Can we get factor matrices in R?
Asked Answered
B

2

19

It seems not possible to get matrices of factor in R. Is it true? If yes, why? If not, how should I do?

f <- factor(sample(letters[1:5], 20, rep=TRUE), letters[1:5])
m <- matrix(f,4,5)
is.factor(m) # fail.

m <- factor(m,letters[1:5])
is.factor(m) # oh, yes? 
is.matrix(m) # nope. fail. 

dim(f) <- c(4,5) # aha?
is.factor(f) # yes.. 
is.matrix(f) # yes!

# but then I get a strange behavior
cbind(f,f) # is not a factor anymore
head(f,2) # doesn't give the first 2 rows but the first 2 elements of f
# should I worry about it?
Biebel answered 25/2, 2015 at 15:35 Comment(2)
Why do you need a matrix of factors? Did you think about using data.frame (which supports factors much better) instead of a matrix?Buffalo
@Buffalo I did think about it, yeah. But a data.frame really is too much for what I need. Is it not natural to need a matrix of comparable, homogeneous elements?Biebel
M
28

In this case, it may walk like a duck and even quack like a duck, but f from:

f <- factor(sample(letters[1:5], 20, rep=TRUE), letters[1:5])
dim(f) <- c(4,5)

really isn't a matrix, even though is.matrix() claims that it strictly is one. To be a matrix as far as is.matrix() is concerned, f only needs to be a vector and have a dim attribute. By adding the attribute to f you pass the test. As you have seen, however, once you start using f as a matrix, it quickly loses the features that make it a factor (you end up working with the levels or the dimensions get lost).

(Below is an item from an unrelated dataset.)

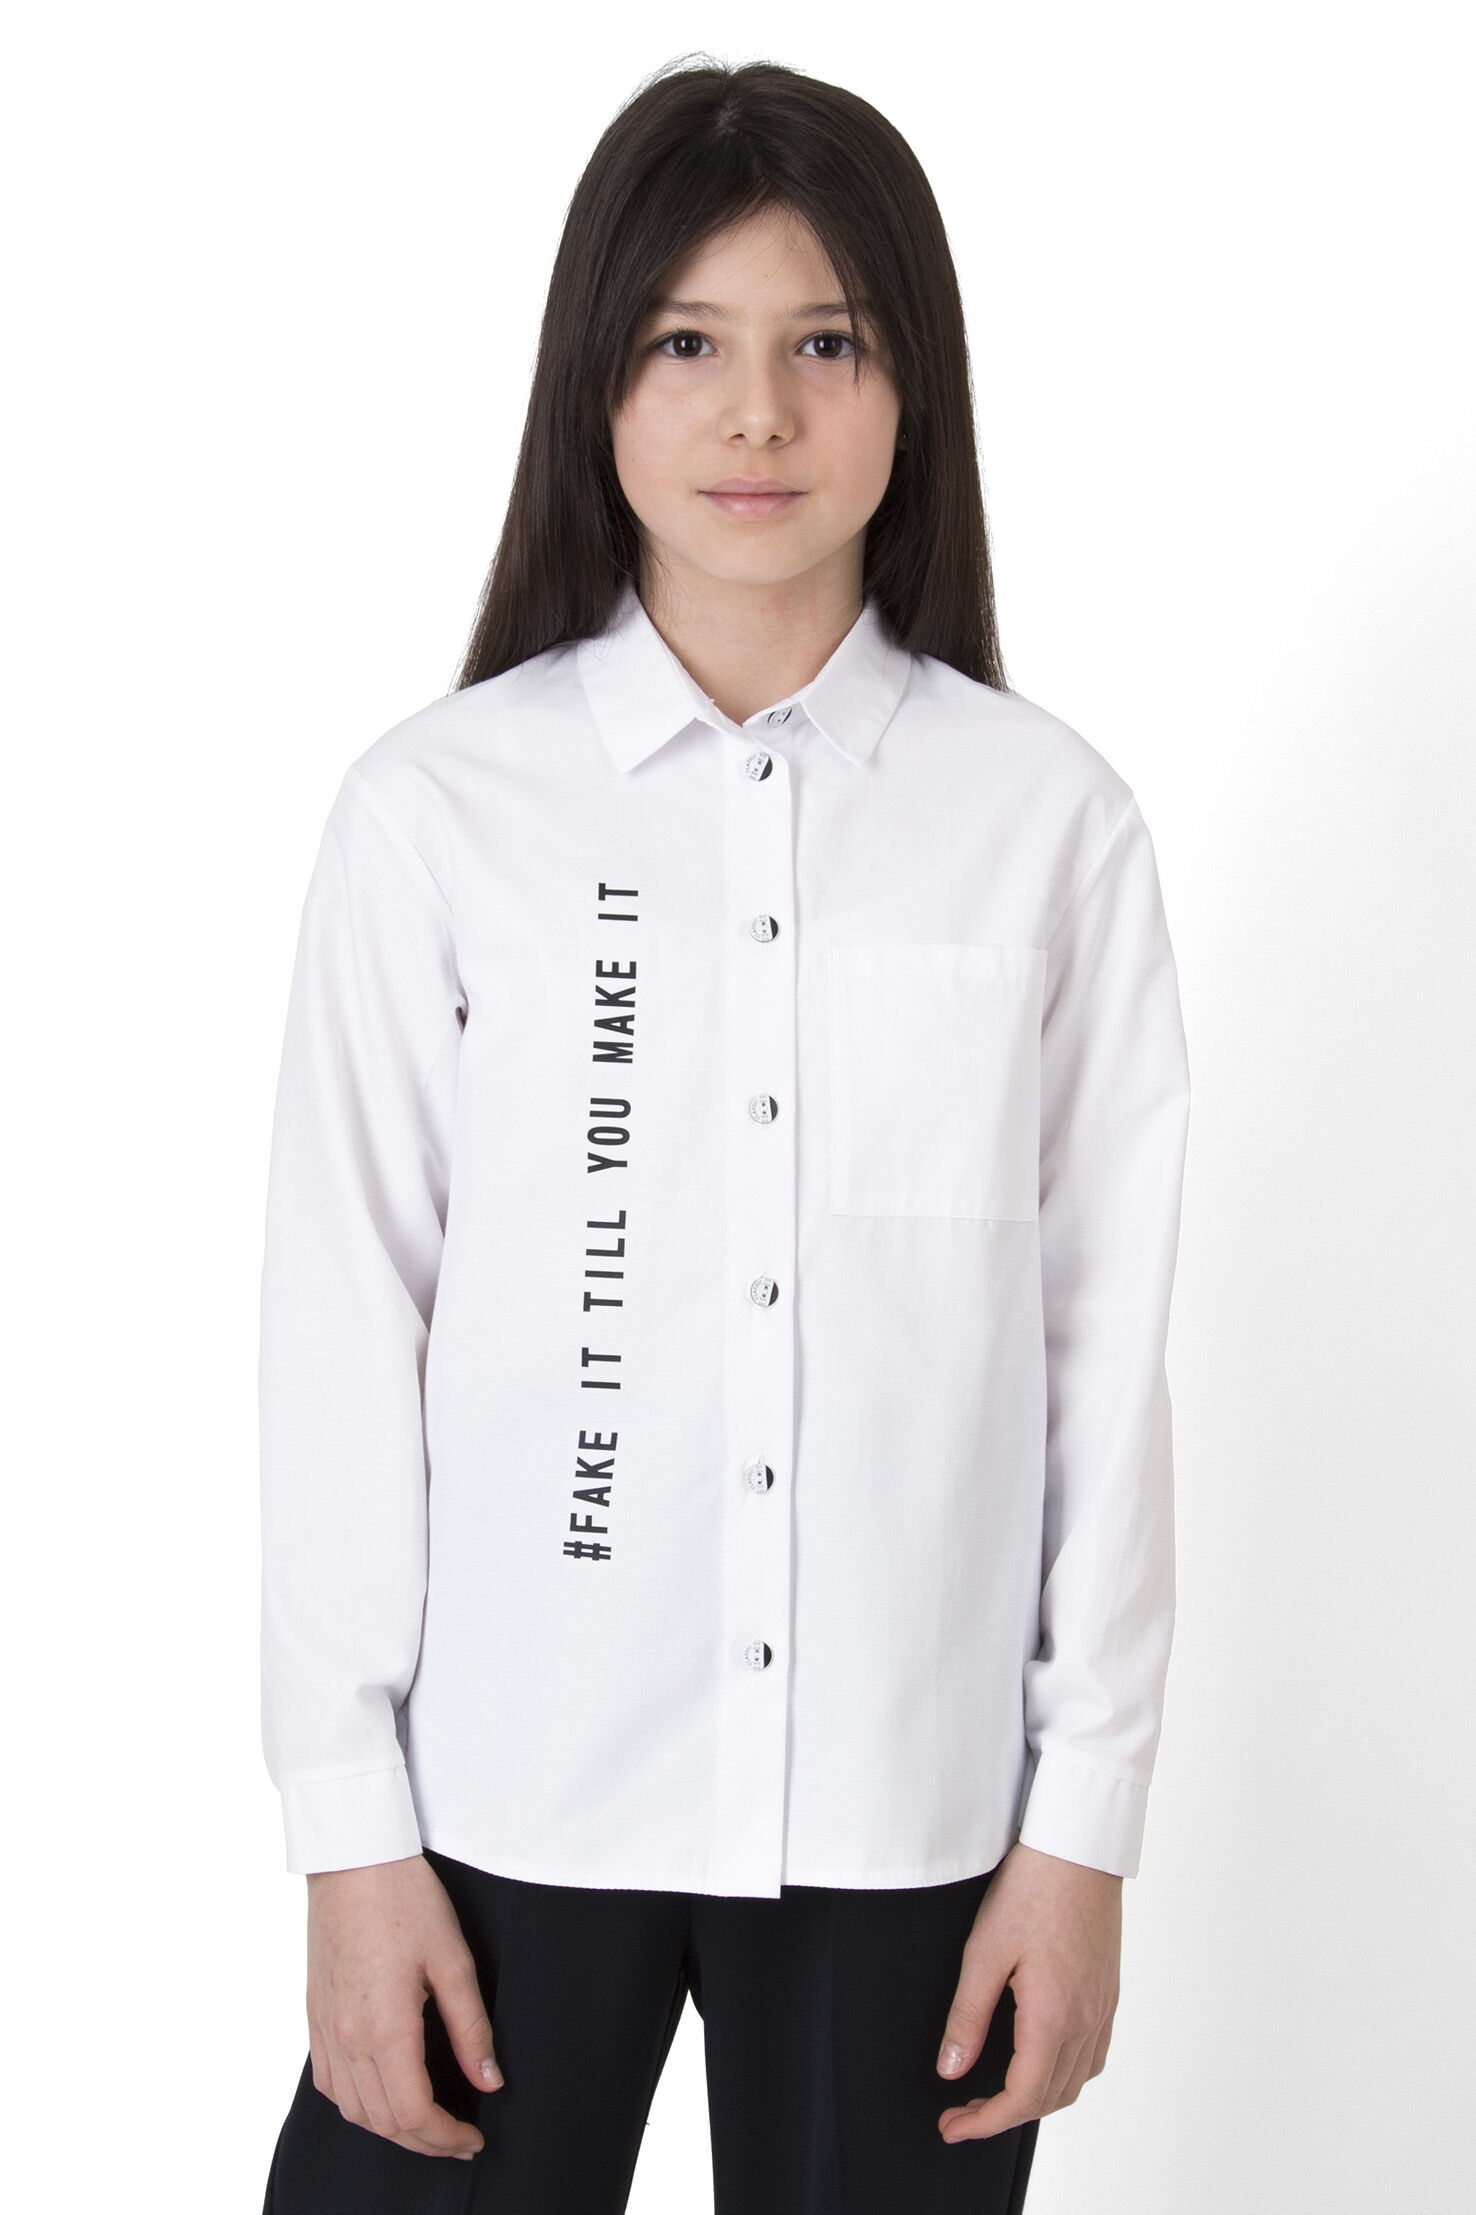 Рубашка коттоновая для девочки Mevis белая 4145-01 - фото

There are really only matrices and arrays for the atomic vector types:

  1. logical,
  2. integer,
  3. real,
  4. complex,
  5. string (or character), and
  6. raw

plus, as @hadley reminds me, you can also have list matrices and arrays (by setting the dim attribute on a list object. See, for example, the Matrices & Arrays section of Hadley's book, Advanced R.)

Anything outside those types would be coerced to some lower type via as.vector(). This happens in matrix(f, nrow = 3) not because f is atomic according to is.atomic() (which returns TRUE for f because it is internally stored as an integer and typeof(f) returns "integer"), but because it has a class attribute. This sets the OBJECT bit on the internal representation of f and anything that has a class is supposed to be coerced to one of the atomic types via as.vector():

matrix <- function(data = NA, nrow = 1, ncol = 1, byrow = FALSE,
                   dimnames = NULL) {
    if (is.object(data) || !is.atomic(data)) 
        data <- as.vector(data)
....

Adding dimensions via dim<-() is a quick way to create an array without duplicating the object, but this bypasses some of the checks and balances that R would do if you coerced f to a matrix via the other methods

matrix(f, nrow = 3) # or
as.matrix(f)

This gets found out when you try to use basic functions that work on matrices or use method dispatch. Note that after assigning dimensions to f, f still is of class "factor":

> class(f)
[1] "factor"

which explains the head() behaviour; you are not getting the head.matrix behaviour because f is not a matrix, at least as far as the S3 mechanism is concerned:

> debug(head.matrix)
> head(f) # we don't enter the debugger
[1] d c a d b d
Levels: a b c d e
> undebug(head.matrix)

and the head.default method calls [ for which there is a factor method, and hence the observed behaviour:

> debugonce(`[.factor`)
> head(f)
debugging in: `[.factor`(x, seq_len(n))
debug: {
    y <- NextMethod("[")
    attr(y, "contrasts") <- attr(x, "contrasts")
    attr(y, "levels") <- attr(x, "levels")
    class(y) <- oldClass(x)
    lev <- levels(x)
    if (drop) 
        factor(y, exclude = if (anyNA(levels(x))) 
            NULL
        else NA)
    else y
}
....

The cbind() behaviour can be explained from the documented behaviour (from ?cbind, emphasis mine):

The functions cbind and rbind are S3 generic, ...

....

In the default method, all the vectors/matrices must be atomic (see vector) or lists. Expressions are not allowed. Language objects (such as formulae and calls) and pairlists will be coerced to lists: other objects (such as names and external pointers) will be included as elements in a list result. Any classes the inputs might have are discarded (in particular, factors are replaced by their internal codes).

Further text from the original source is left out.